Spinal surgical retractors systems are used for retracting and maintaining soft tissues away from the surgical site to enable the surgeon to access intervertebral discs (or any other structure of the spine), for instance for removing them partially and place implants such as a cage or screws
A retractor system usually includes at least two blades having each a proximal part forming a frame, two pins having each a distal end configured to be anchored in a vertebra and a blocking mechanism for maintaining the blades at a certain distance from each other.
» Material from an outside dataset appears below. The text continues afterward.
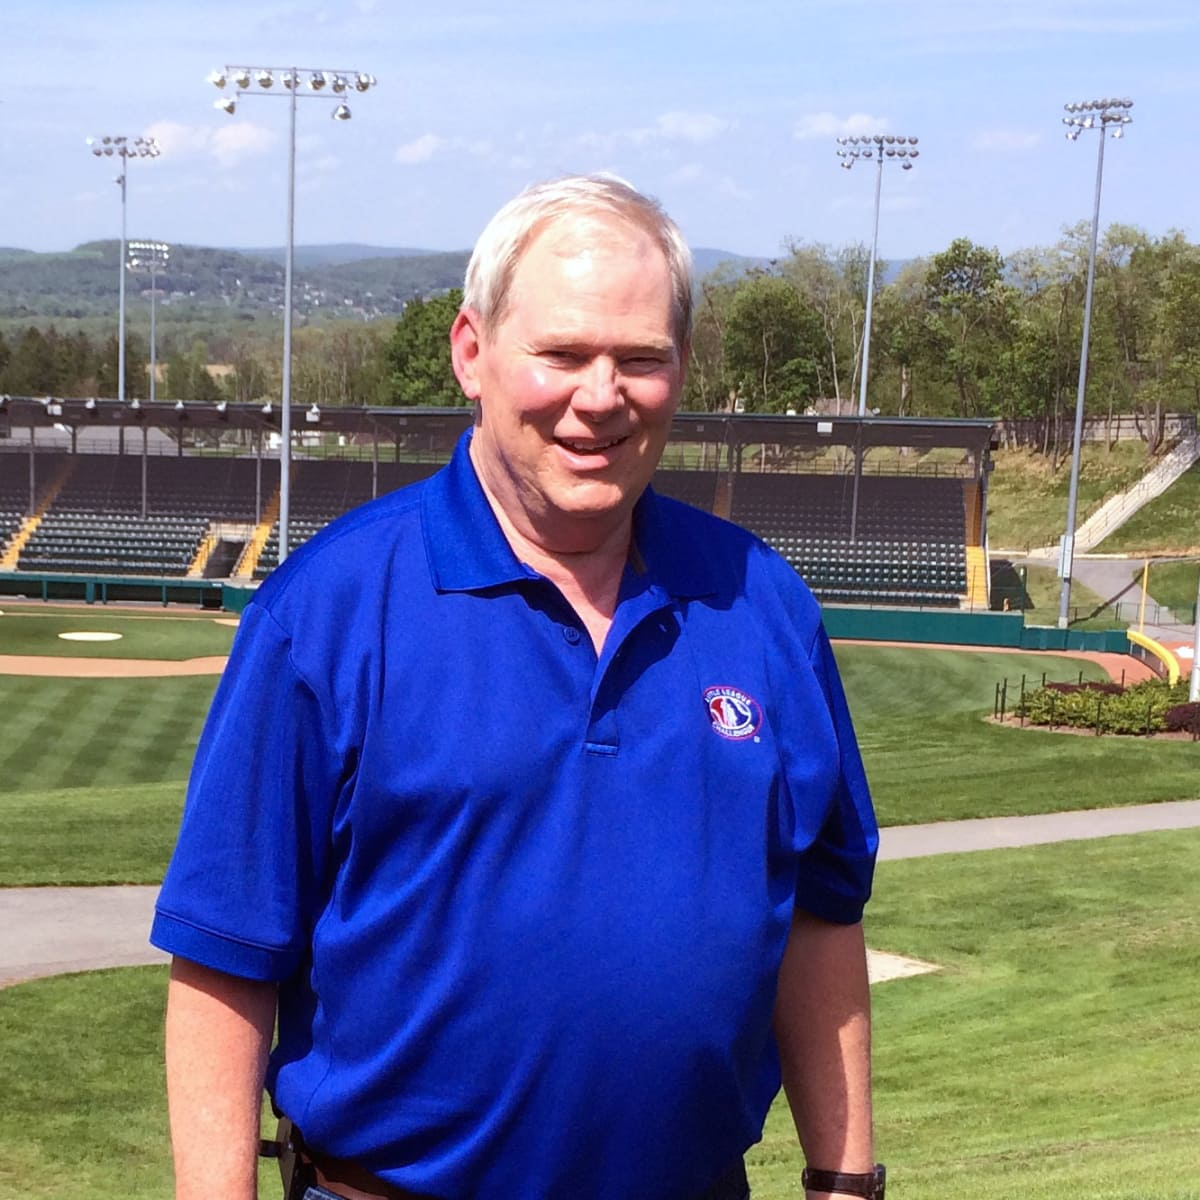 Houston, Bruce Hicks Little League umpire, August 2017, Bruce Hicks in Williamsport

Retractor systems as defined above are disclosed for instance in patent documents U.S. Pat. Nos. 9,220,491 B2 and 10,470,753 B2.
In some systems each blade contains a channel that is configured to slidably hold one pin. See for instance U.S. Pat. Nos. 8,852,089 B2 and 11,426,152 B2.
In those prior art systems, the channel is oriented along a direction that is parallel to the blade direction.
Shims may also be placed between the blade edges or fixed to a blade to prevent the ingress of unwanted or sensitive biological structures, such as tissues, nerves, or vessels, into the surgical target site, as well as to prevent instruments from passing outside the surgical target site and contacting surrounding tissues or structures. Such shims are disclosed in U.S. Pat. Nos. 9,220,491 B2, 10,470,753 B2 or 8,821,396 B1.
Several disadvantages are associated with prior art systems, in particular the risk of an accidental withdrawal of the blades from the surgical site, due to the pressure imparted on the blades by the surrounding tissues. In addition, the way to expand usually from the frame structure makes it necessary to have very stiff material and a potentially bulky structure.
It is also complicated, if not impossible, to maintain the blades around the surgical site and only retrieve the shims, for instance for allowing an easier access to the surgical site.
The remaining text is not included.